The average credit card balance is $5,733 in the first quarter, rising by 14.4% year-over-year.
The average balances for an unsecured personal loan is $11,281, an increase of 14% year-over-year and is the highest it has been on record or since 2005. The levels of unsecured personal loans rose by 26.3% year-over-year and reached a new high of $225 billion.
The balances for personal loans have declined for two consecutive quarters of year-over-year growth rates and could be demonstrating that lenders are “showing more scrutiny in making underwriting decisions,” TransUnion said.
High Inflation Rates Impacted Household Budgets
Inflation declined to the slowest pace in two years last month. The headline consumer price index for the month of April was estimated to have risen 4.9% from last year, according to the Bureau of Labor Statistics, down from the 5% pace recorded in March and the first dip below 5% in at least two years.
A decline in inflation rates, which has impacted food, energy and housing costs, could help consumers with meeting their budgets.
Whether consumers continue to use credit cards and personal loans to pay their household bills remains unknown, she said.
“It remains to be seen whether these balances will continue to grow in the near-term, or if growth will slow as consumers moderate their pace of borrowing and if lenders more closely scrutinize consumers and potential risk when determining to whom they lend moving forward,” Raneri said.
Balances for credit cards fell slightly by 1.5% quarter-over-quarter. Credit card balances usually drop during the first quarter because some consumers take advantage of their tax refunds to pay down their debt, said TransUnion, a Chicago-based credit scoring company.
Despite the slight drop, the average balance per consumer is still high compared to 2022 with an increase of 14.4% year-over-year.

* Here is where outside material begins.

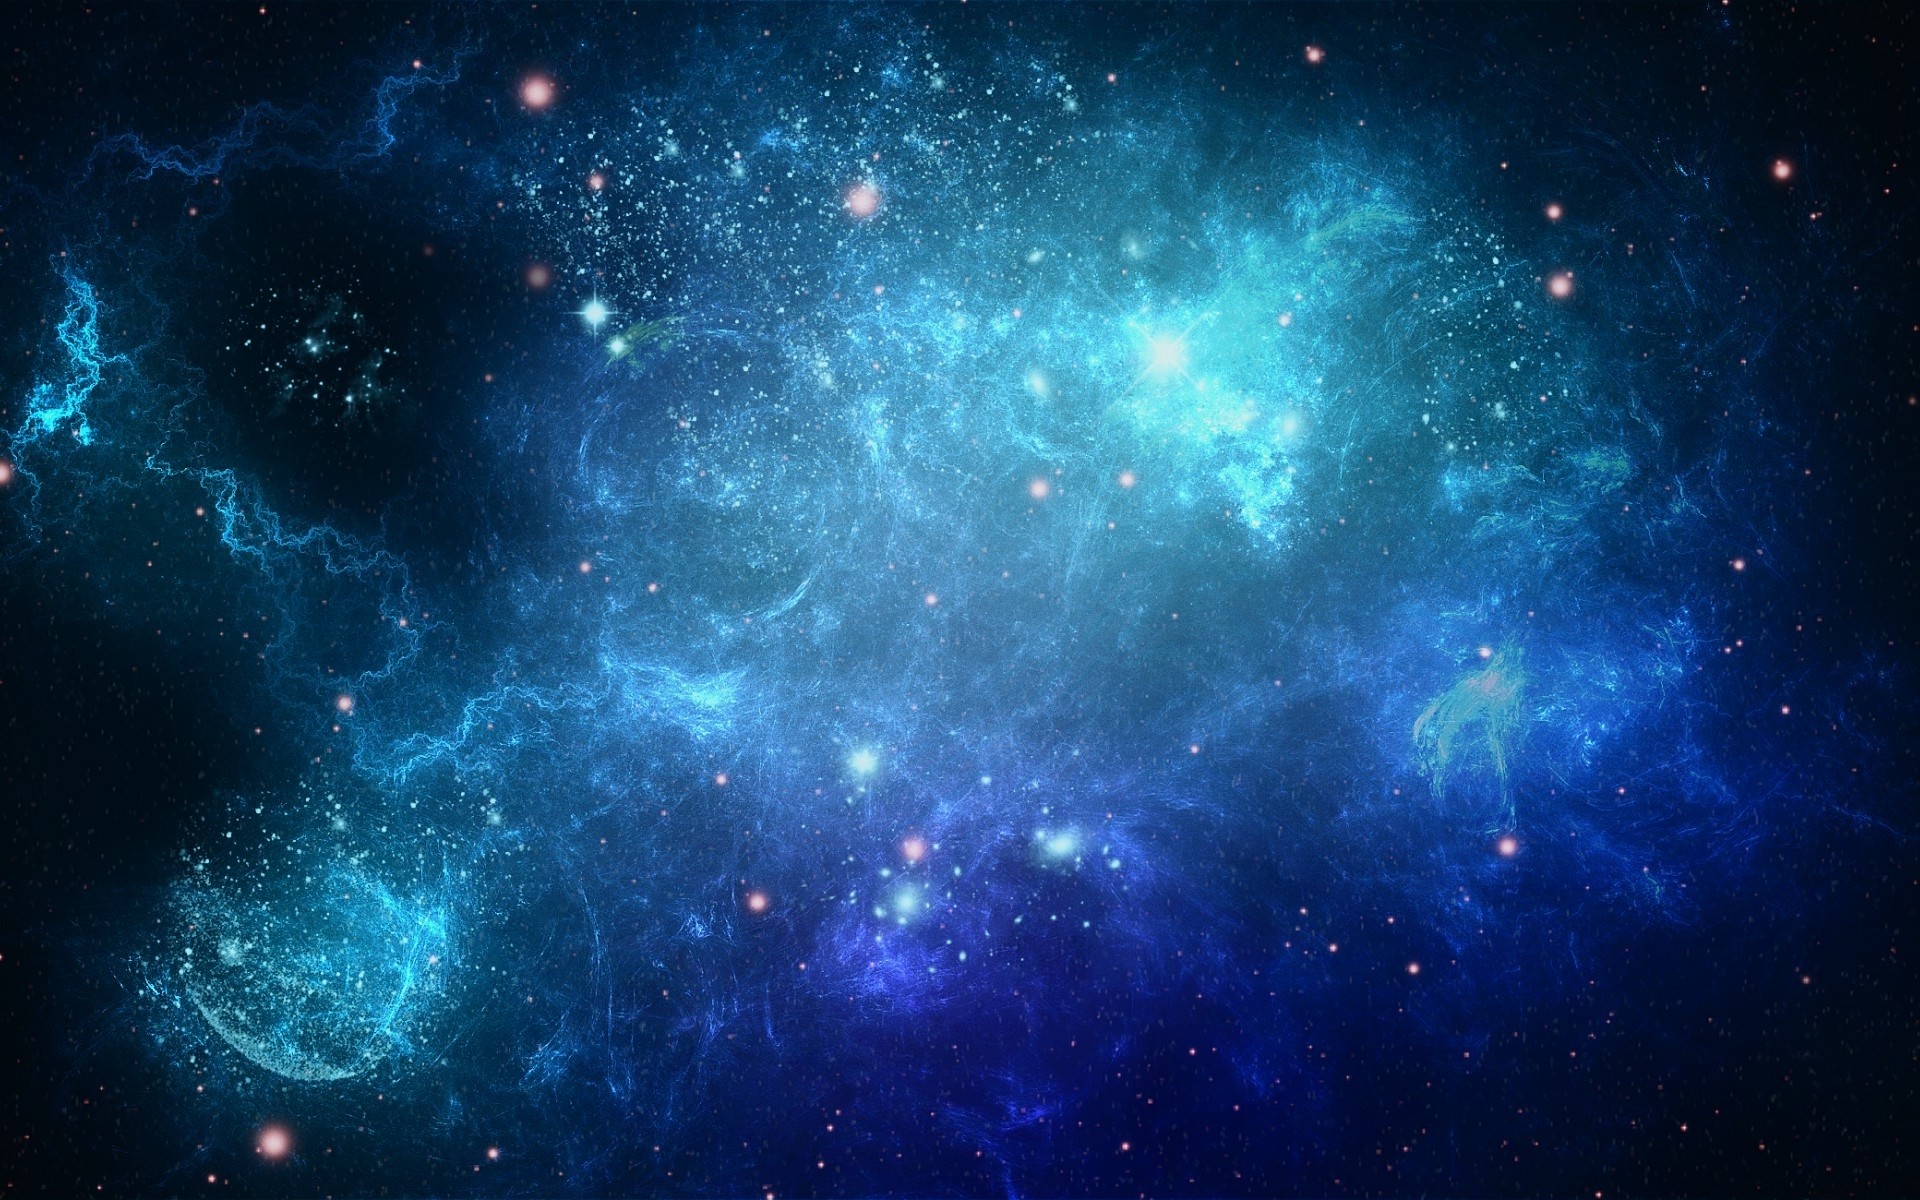 Blue Galaxy wallpaper ·① Download free amazing full HD ...

“Bankcard balances continued to grow as borrowers gained greater access to credit and subsequently leveraged that available credit,” said Paul Siegfried, senior vice president and credit card business leader at TransUnion. “While bankcard originations were down slightly year-over-year and quarter-over-quarter, they still topped 20 million for the fifth time over the course of the past six quarters.”
Fewer Car Loans
The higher costs of both vehicles and interest rates for auto loans likely contributed to fewer consumers seeking loans. The number of auto loan originations during the fourth quarter of 2022 fell by 9.7% year-over-year to 5.9 million, which is the lowest level since the fourth quarter of 2013.
Used cars continue to account for 60% of total car purchases during the first quarter. Fewer drivers are opting to lease a car, consisting of only 18% of new vehicle registrations, which is a decline of 20% year-over-year.
The average amount financed for new vehicles rose by 3.4% year-over-year while consumers took out smaller loans for used vehicles with a decline of 2.6% year-over-year.
Monthly loan payments increased year-over-year for new cars by 11.9% and 3.9% for used cars.